Victor Chang Scientists triple the number of heart cells they can grow outside of the body

In a landmark breakthrough, scientists at the Victor Chang Cardiac Research Institute and the Royan Institute have discovered a faster, cheaper and more efficient way to grow billions of heart cells, which are vital to medical research and the treatment of heart disease.

Scientists around the world will now be able to spend less time producing heart cells and more time finding cures for disease.

Previously, growing heart cells has been cumbersome, time consuming work with poor results. It was a problem Victor Chang scientist, Dr Alexis Bosman and PhD student Hananeh Fonoudi were determined to overcome.

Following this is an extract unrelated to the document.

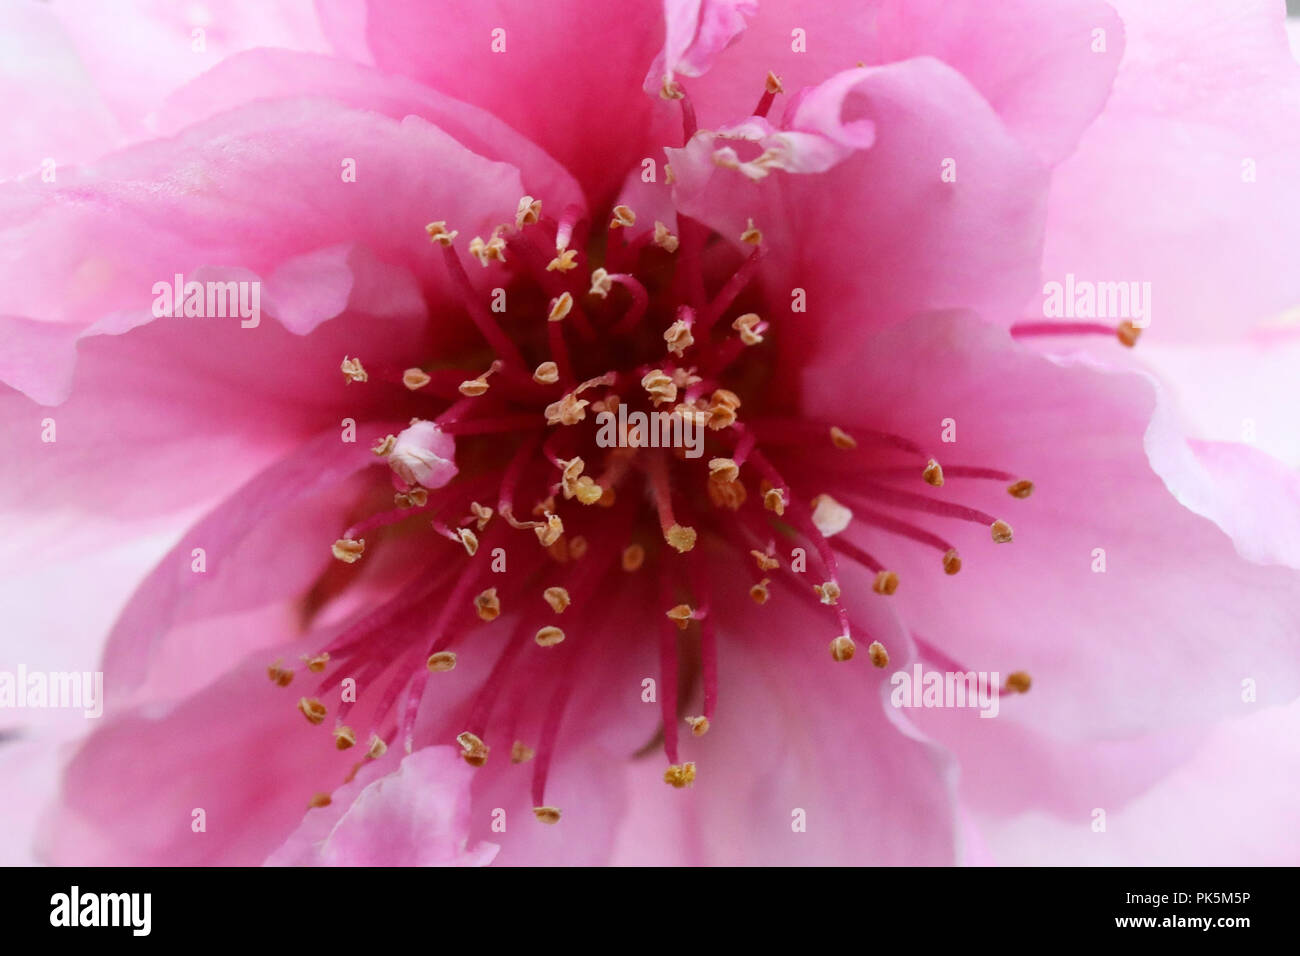 Makro Nahaufnahme innen eine neue Jahreszeit Frühling Peach Blossom. Schönen zarten Rosa über ein weiches, blütenförmiges und Blume. Wechsel der Jahreszeit, Fruchtbarkeit Jahreszeiten Konzept wi Stockfoto

“We grow and study heart cells to find out what causes different types of heart problems. I’ve worked to make heart cells for a long time and it’s always been such a struggle to do it efficiently,” Dr Bosman explained.

After two years of intensive research Dr Bosman and her colleagues finally made a breakthrough by tinkering with the traditional recipe and method that was used to make heart cells.

“The old method used to take around one month to fill 30 per cent of the dish. Now, we can get beating heart cells in around 90 per cent of the dish, after just seven days. We’ve discovered how to produce billions of heart cells in a quarter of the time,” said Dr Bosman.

Not only that, the new technique is also expected to be far more cost effective, with as much as $20,000 saved per year.

The implications of this breakthrough will be threefold. First of all, scientists will be able to study the heart cells to understand how heart defects develop.

Secondly, pharmaceutical companies could soon be able to use these cells to test the effects of their drugs on the heart at a faster, more economical rate and on a significantly larger scale.

On top of that, scientists believe these cells could be used in regenerative medicine. This means they could be used to replace damaged heart cells that have been irreparably injured after a heart attack, which alarmingly affects one Australian every nine minutes.

“The discovery we’ve made has truly moved our research along a great amount. And the sooner we find out the causes of heart disease, the sooner we could have answers for patients and their families” added Dr Alexis Bosman.

The new technique has also been successfully tested in labs, not only here in Australia, but also in Iran, with consistent results.